Case Study: Medable's Japanese Clinical Trial Exceeds FPI Date And eCOA Adherence

In an effort to enhance clinical trial operations in Japan, a leading global pharmaceutical company collaborated with Medable to address challenges related to electronic Clinical Outcome Assessment (eCOA) adherence and patient enrollment. Recognizing the unique regulatory, cultural, and logistical landscape of Japan, Medable implemented a comprehensive, culturally sensitive strategy that set a new benchmark for clinical trials in the region. Key initiatives included direct engagement with Japanese study teams, localization of all patient and site materials into Japanese, procurement of devices compliant with local regulations, and the provision of tailored training sessions in both Japanese and English.
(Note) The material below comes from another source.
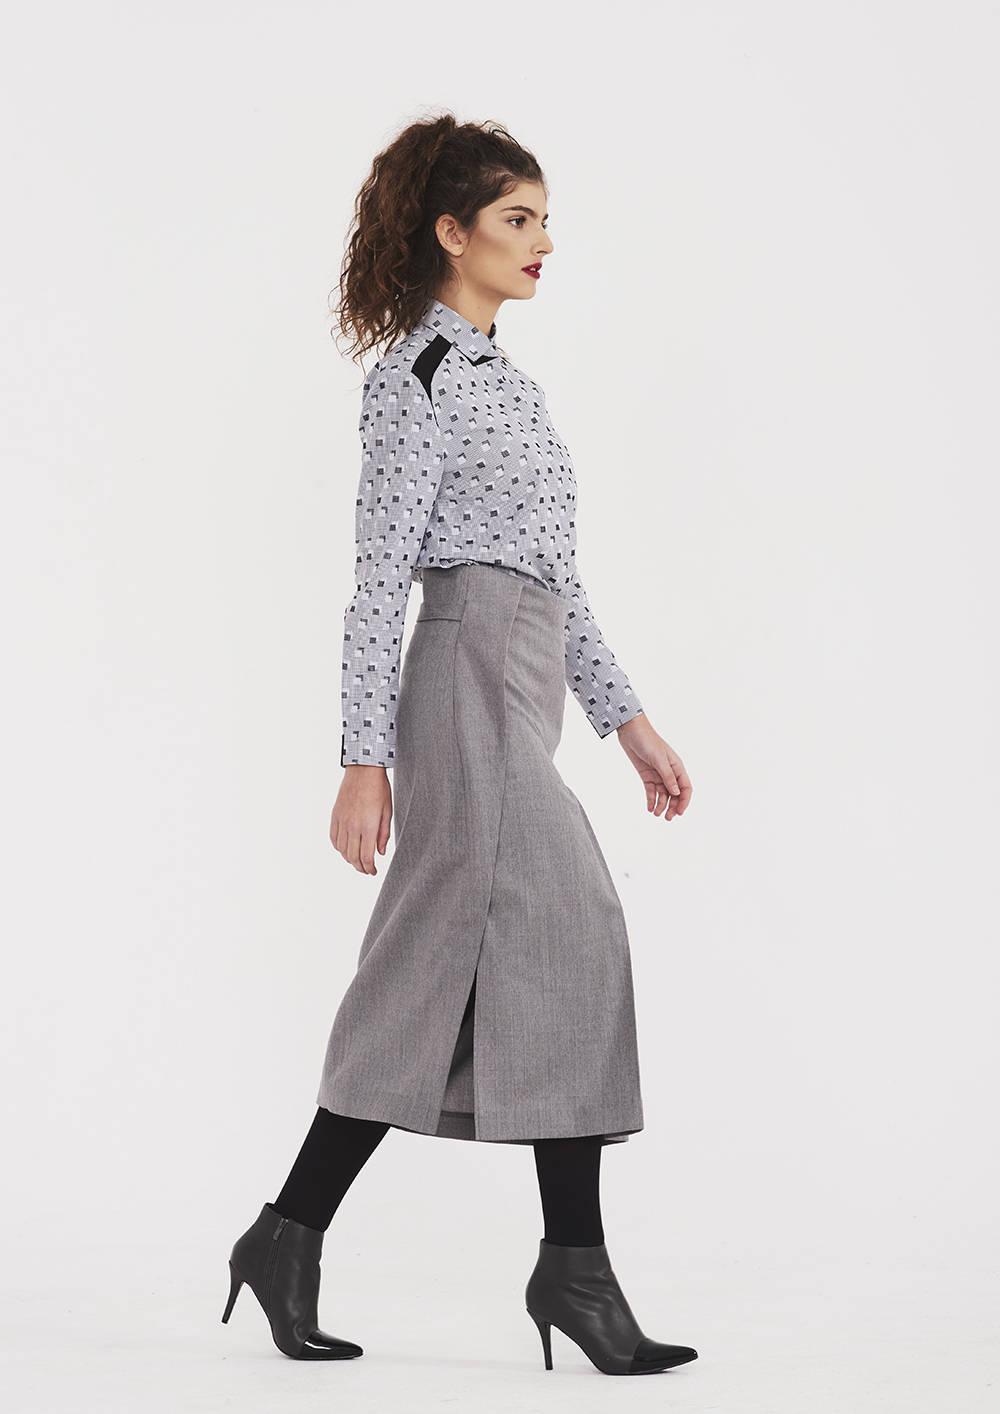 d21a88b3174 High Waist Skirt In Gray - ALLSEAMS

This approach led to remarkable outcomes: eCOA adherence rates exceeded 99%, helpdesk inquiries dropped significantly, and both sites and patients reported high levels of satisfaction. Notably, the study achieved First Patient In (FPI) ahead of schedule, with all sites and Clinical Research Associates (CRAs) fully trained prior to FPI. The success of this initiative prompted the pharmaceutical company to adopt Medable's recommendations as the new standard for all studies in Japan, underscoring the effectiveness of a culturally attuned, patient-centric approach in establishing a "gold standard" for clinical trials.